I don't want to throw up some random feelings that make this blog seem like an outlet for angst. Even when I'm feeling moody there's no way that I can remember everything that I want to write, and therein is the problem. I never like to feel that I've done a halfassed job. Doesn't really help that I'm kind of forgetful. I never really liked to follow the crowd, just because some people are writing about how things have changed their lives or their life philosophy - hang out around me enough and you'll know what that very philosophy is. For me, it's more like I prefer to keep any private reflections just that - private.

I'm one of those kind of people who prefers to sit in the corner, stone, and think about things. Rather than write everything down. Not only do I forget some things, but in writing you're forced to put things down just one way. Thinking about it allows me to put across more abstract concepts that can't really be put down in writing. I'm sorry to disappoint people who want to read deep entries about how I've grown and what I've learnt as a person, but for the time I prefer to stare at a point in space and do my thinking there. I'm just not comfortable with people reading some entries of mine, and in comments write things that I'd already know. That's why it doesn't feel very right for me. I apologise for disappointing some people.

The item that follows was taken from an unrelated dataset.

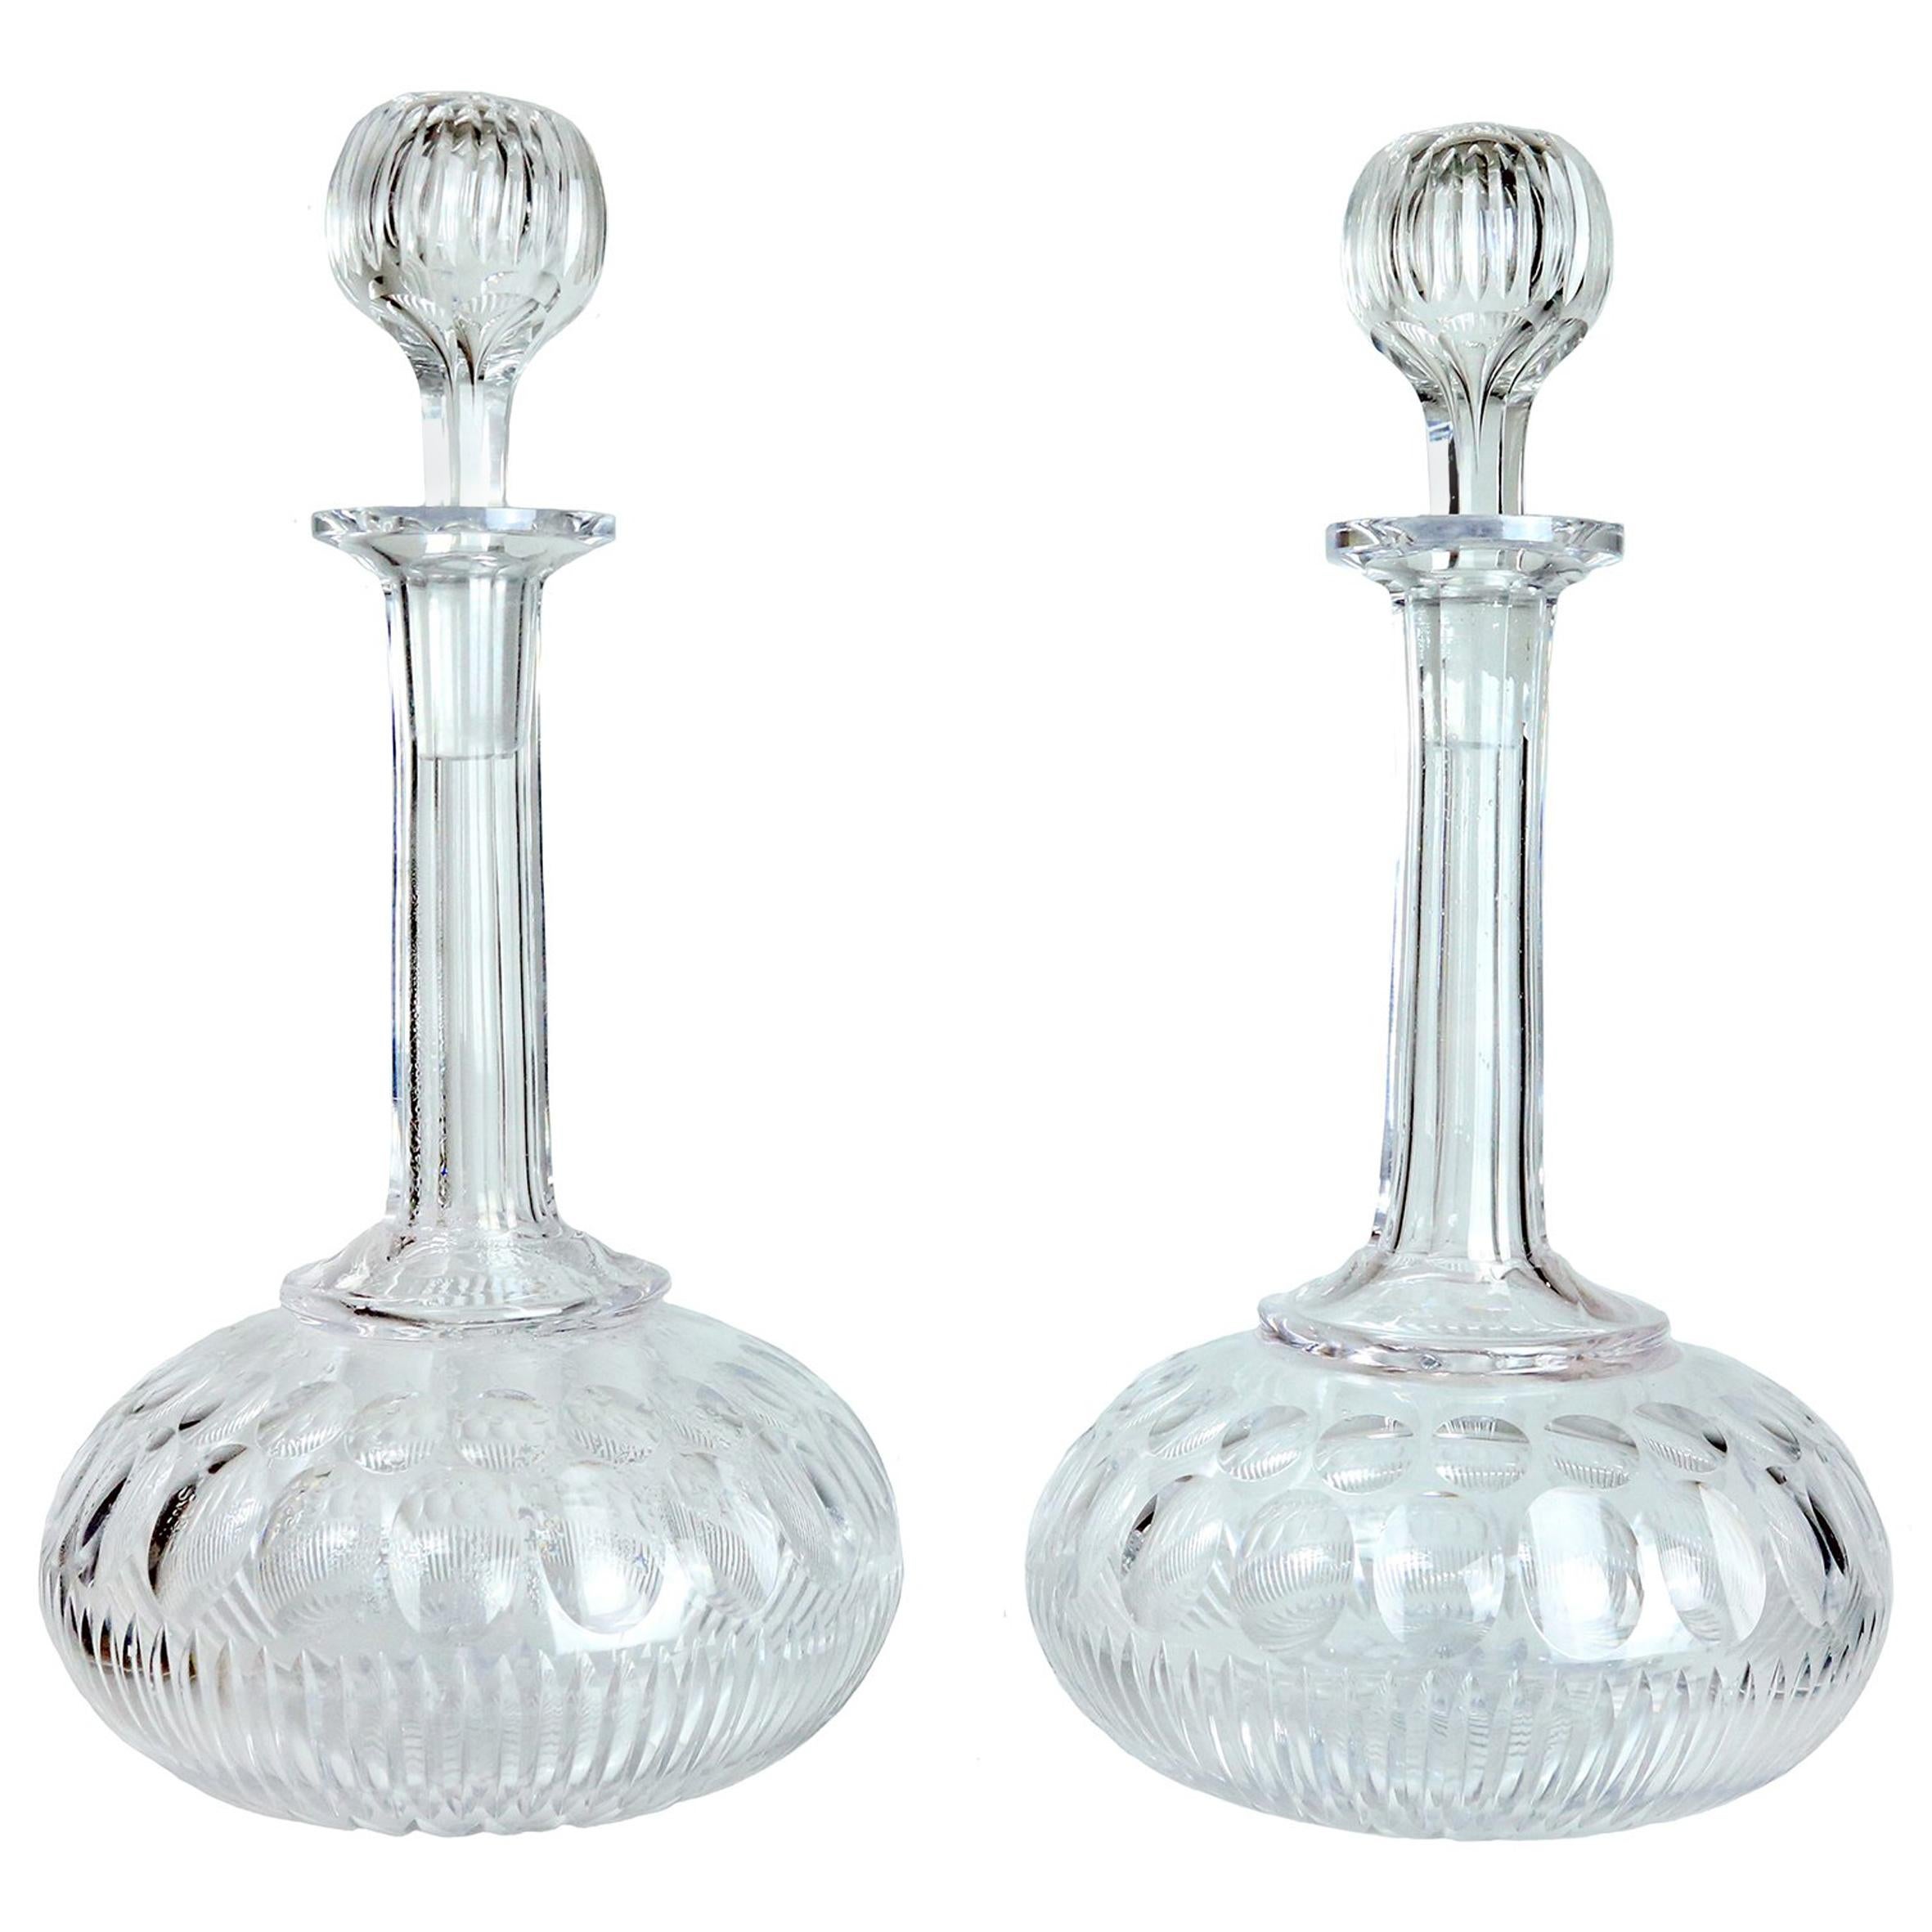 Pair of 19th Century Glass Decanters

Tallulah, It's easier to live alone than fear the time it's over
Tallulah, find the words and talk to me ,oh, Tallulah, this could be... heaven

Thursday, April 24, 2003

Those of you who'd checked here about a day ago would have seen a nice long lengthy rant. I just removed it cause I was feeling bad about it, and as such I'll try not to depress all of you.

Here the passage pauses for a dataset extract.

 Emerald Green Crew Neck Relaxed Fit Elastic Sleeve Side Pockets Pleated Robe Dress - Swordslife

Just had my CCC exam today, most of the worrying and panicking paid off, I guess. Went straight home cause I was (and still am) feeling a little sick. Have a good one.
Remind me to go for psychiatric therapy when everything's all over and done with.

Sunday, April 20, 2003

Got up early at the crack of dawn (actually more like 9.00) to go film at Chinatown today. Then received message from Siwei, says to meet later. I go back to sleep. Wake up again, and rush out of the house, but was still 20 minutes late. Doh! Went filming at Chinatown (like I said) and wandered around trying to find the street. Siwei decided we needed an aerial shot, and so we went to the 24th floor of some block of flats nearby and filmed. I could barely look over the edge without feeling a wobble in my knees and fear in my throat.

Yes, I have a fear of heights. Ironic, isn't it? So, we film for about 3 hours, we walk, and walk, and walk (and also, we walked). I dunno about Wei but my legs seriously ache. Also, by some cosmic coincidence we bump into Liling in Chinatown, also filming, and Lynnette + boyfriend at Raffles City. Left them alone and went over to Sim Lim on my regular recon run, checking prices of computer parts. =p I want to get a DVD rom. Only $70, but I think I can bargain down to $55 or $60.

Bleah, who am I kidding. Money's money. But hey, at least my birthday's coming soon. HINT HINT. =D

"45% of the people in the world randomly make up statistics."